THE DATA

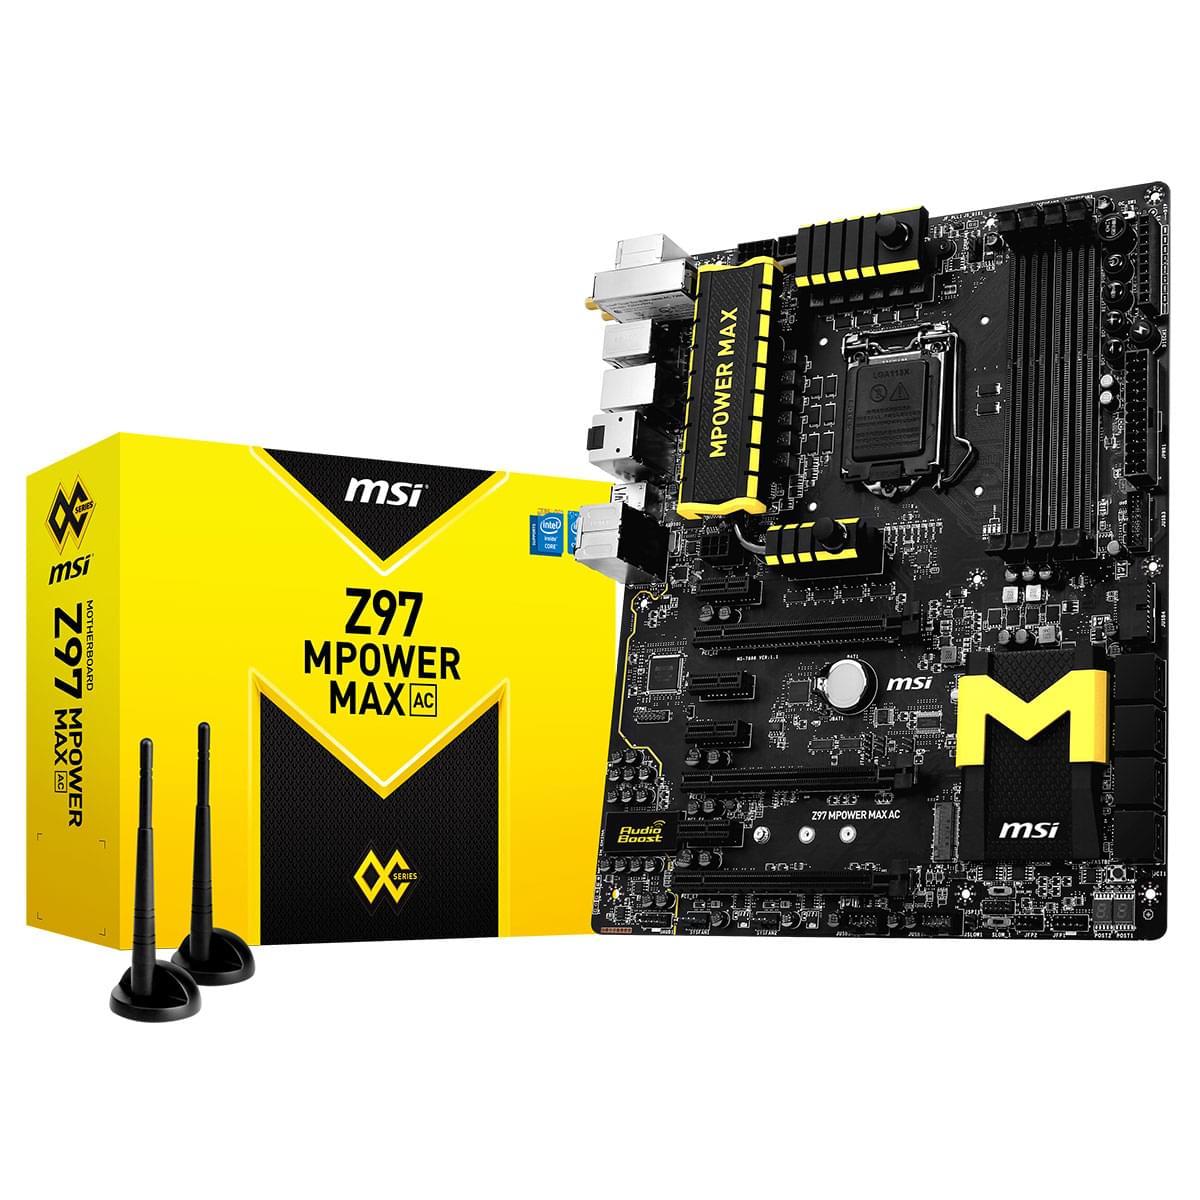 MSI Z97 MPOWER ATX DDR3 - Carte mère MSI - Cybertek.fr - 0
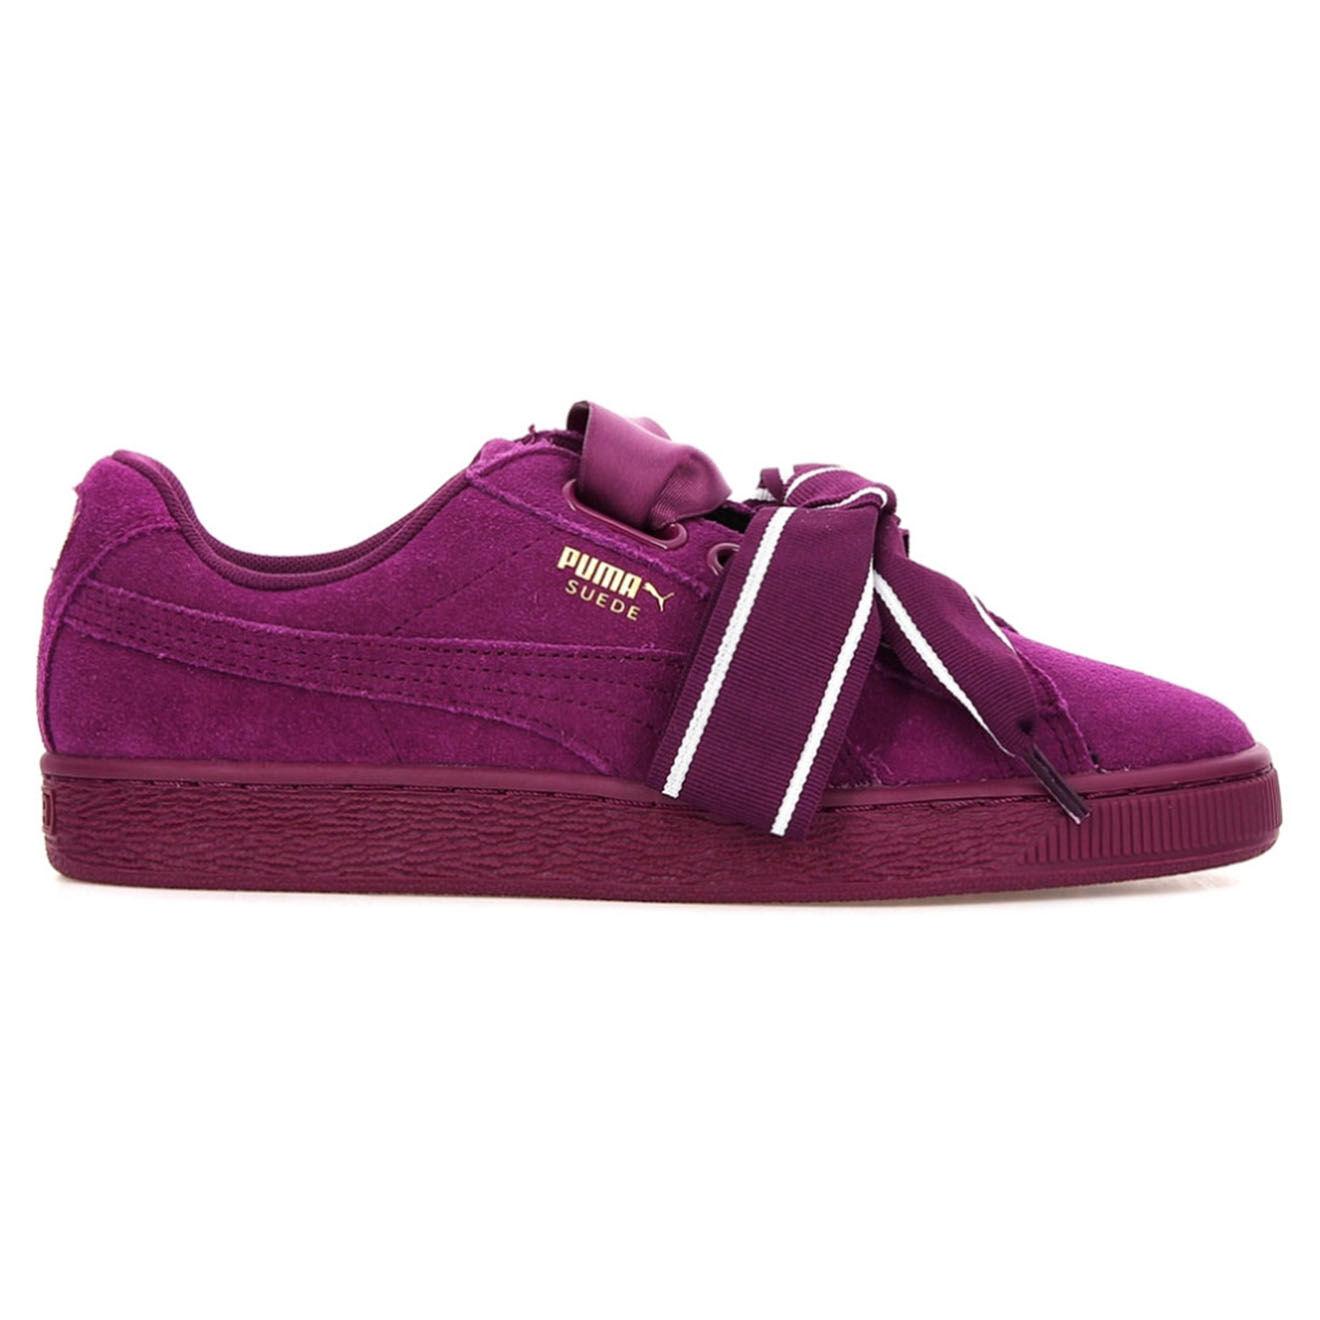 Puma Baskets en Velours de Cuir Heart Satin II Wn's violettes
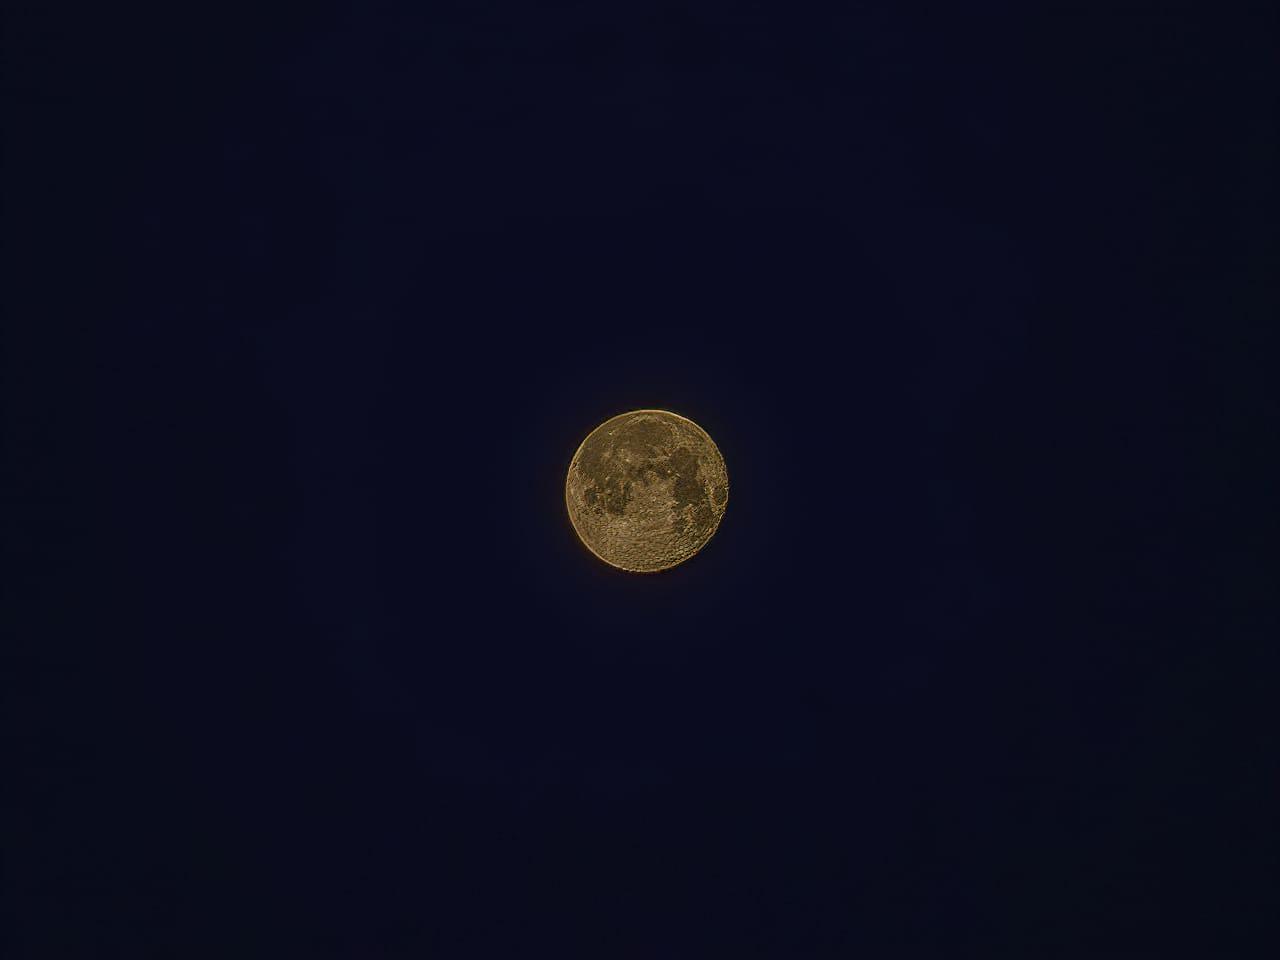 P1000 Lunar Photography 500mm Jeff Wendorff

WHAT IS NEEDED
Please retype all of the material exactly, skipping whatever images it holds.

SOLUTION TO THE EXERCISE
 MSI Z97 MPOWER ATX DDR3 - Carte mère MSI - Cybertek.fr - 0
 Puma Baskets en Velours de Cuir Heart Satin II Wn's violettes
 P1000 Lunar Photography 500mm Jeff Wendorff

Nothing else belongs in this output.